The other evening in the run-up to the Labour Party conference Matt and I were trying to review, of the tops of our heads, what Gordon Brown had actually done to deserve the recent assault on his leadership. We weren’t talking about the recession threat or the perceived lack of charisma – we were trying to think what he had actually done wrong during his time in office as Prime Minister.

We came up with next to nothing of substance. Wavering over the general election, screwing gurkhas who served before ’97, screwing Iraqi interpreters, failing to ensure we have a healthy balance of industries and services in our economy, possibly screwing Martin Bright, the winter fuel business and avoiding the windfall taxing the energy companies, deciding not to tax non doms and – of course – getting rid of the basic rate of income tax.

The gurkhas and interpreters I am fairly certain have been shoddily treated – but as far as ousting a premier is concerned they aren’t a deal breaker. Martin Bright isn’t a deal breaker either, though what (it would appear) he has experienced makes Brown seem ruthless. As for the windfall tax, I’d want to know more – is the home insulation deal he has negotiated with the energy companies going to save home-owners substantial amounts as well as keeping them more comfortable and reducing emissions (which would be a triple dividend on a single measure)? If so, maybe it’s for the best. I know that David Porter, head of the Association of Electricity Producers, said that the costs of the package would be passed on to customers, but as long as they’re not the customers who are on modest incomes, there’s a case for that. It’s hard to say. I don’t remember anybody setting out for us how the much-vilified energy company profits are actually being spent, or how the anticipated package would affect the pockets of people on modest incomes.

Getting rid of the basic rate of income tax was Brown’s biggest disgrace. It is something he apologised for today in the breathlessly anticipated speech he made to the Labour Party Conference. There is no reason to accept his apology until the million least affluent people who are out of pocket are no longer out of pocket. This is the only kind of apology required – for the people who lost out and also because this is the thing that most embarrassed his party in full view of their voters. This is why, in all probability, his party has been punishing him now, without a convincing reason, even though it interferes with Labour’s ability to respond to the economic crisis, and even though there is nobody else they want to see as Prime Minister instead.
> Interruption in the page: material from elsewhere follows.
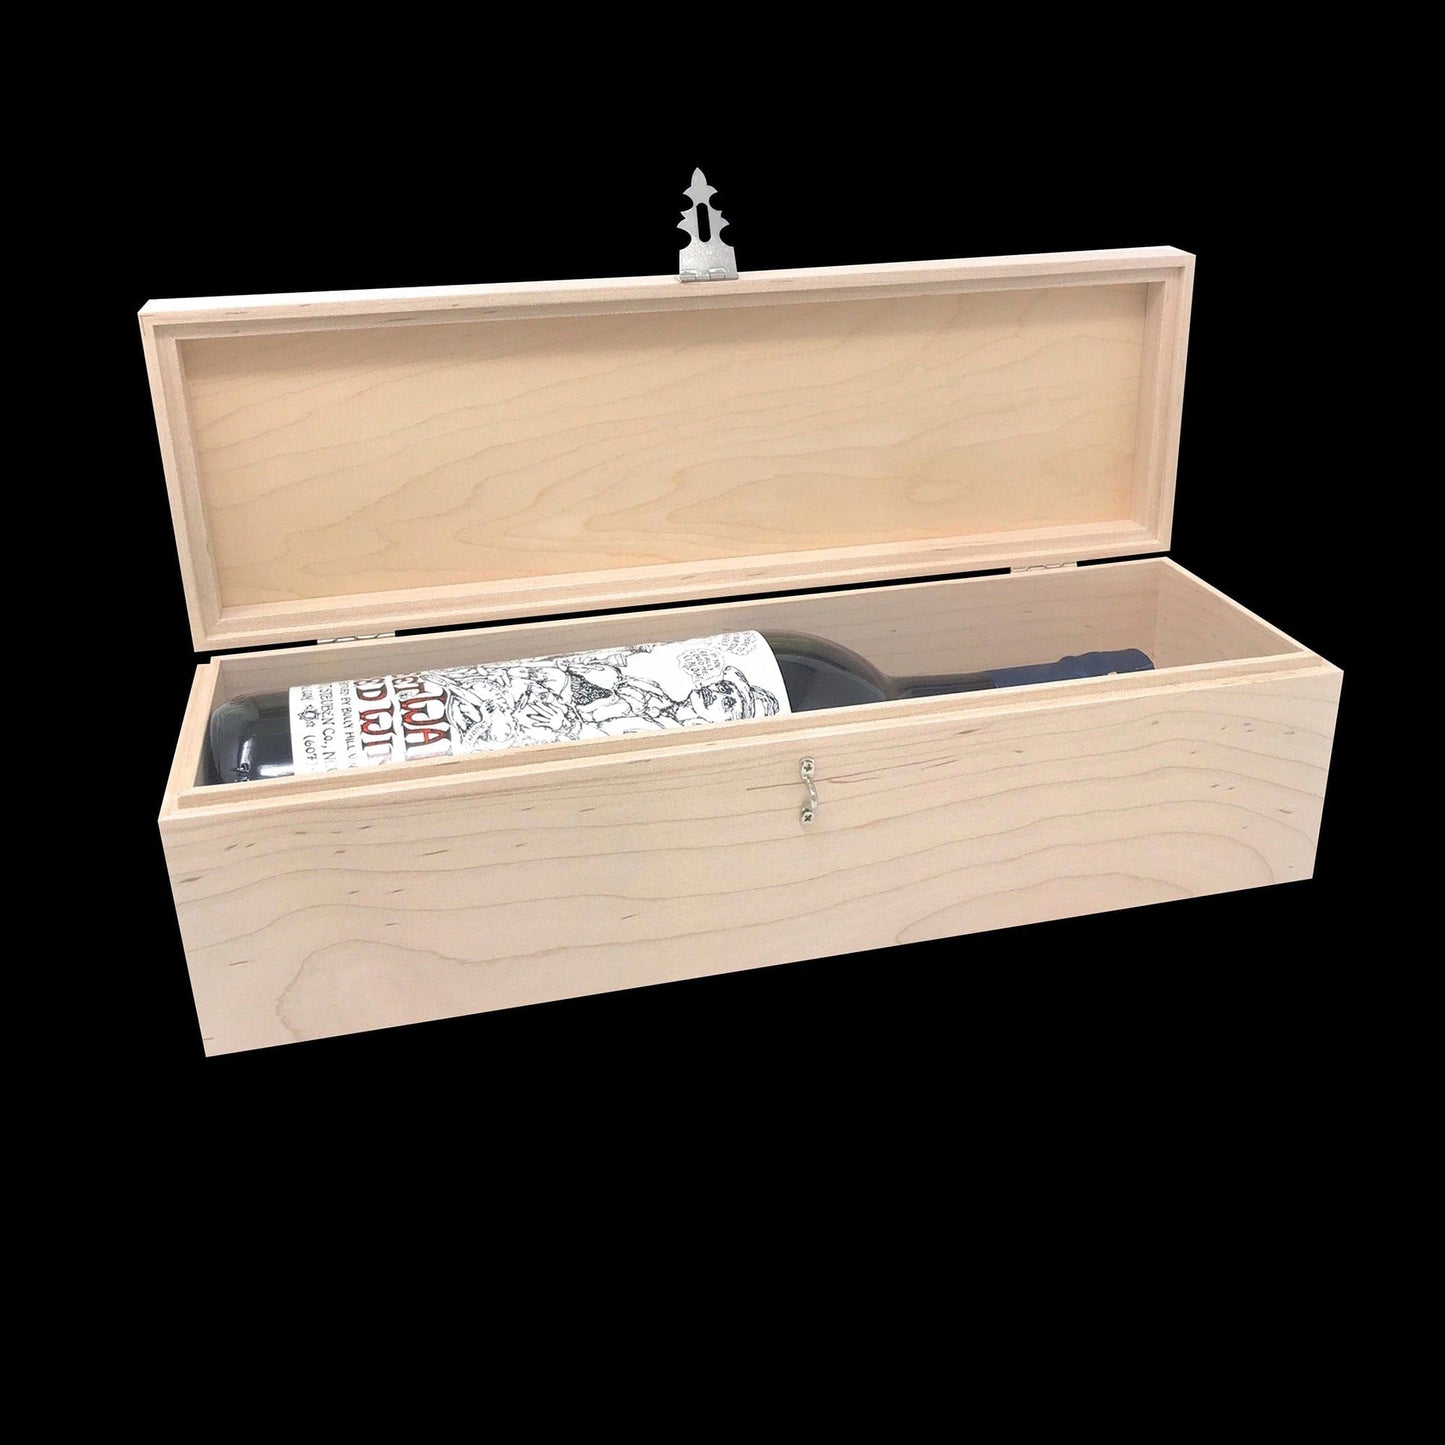 The Designcraft Studio Maple / Gold Unfinished Wooden Wine Box with Hinge and Lock 13 3/4 x 4 1/4 x 4 Personalized Laser Engraving Available

This is idle, self-indulgent and just slightly sadistic.

And that brings me to the evening’s headache – apparently this afternoon’s speech has turned around Brown’s fortunes. I find this incomprehensibly capricious. How is it plausible that such a vague and insubstantial speech could assuage a bunch of people who were casting aspersion on his leadership only moments before? According to Michael White, “the key connection was emotional”. Polly Toynbee observes that “few speeches ever change anything”. What changed as a result of the speech? Nothing at all. The non doms remain untaxed. The energy companies are raking it in. Taxpayers bail out Metronet and Northern Rock. The pre’97 Gurkhas and Iraqi interpreters languish abroad.

Populist behaviour from Labour members and MPs – it’s not their own minds they want changed, it’s rather that they have come to consider Gordon Brown a liability to their own constituencies, or in the case of the MPs, their seats – their reputations and their opportunity to practice their own politics. Brown’s audience listened to his speech with the ears of their constituents and, gauging it satisfactory by that yardstick, tentatively approved it themselves. Why would we derive any confidence from this spectacle of penitence, humility and soul? I don’t want him to resign or enter a leadership contest – I want him to sort out our social policy. Everybody knows there’s nobody else but him. But I happen to think that speech, which was made over to party’s head and aimed at people not unlike me, was a load of old flannel.

Maybe it’s me and my growing disillusionment with theorists, blurry big picture thinkers, and visionaries – or at least the irresponsible ones with ideas and no sense of practicalities. Personally I get terribly turned off by visionary speeches in the absence of definitions of terms (Brown was plenty vague), getting from a-to-b with costs, anticipated risks, and contingencies. If a political speech or text doesn’t commit to, and attempt to persuade us about, a course of action in sufficient detail that it can be grappled with by its critics, then I don’t see the use in making it. Sure, we want to see our leaders incarnate, but I’d personally rather they sung a song, maybe danced a routine, or performed a comic sketch.

But nevertheless a visionary speech is what we expected him to make. And I wonder how we came to have such a culture where we expect and allow our leaders – they all do it – to make these kinds of speeches where they try to make us feel something but nobody learns anything.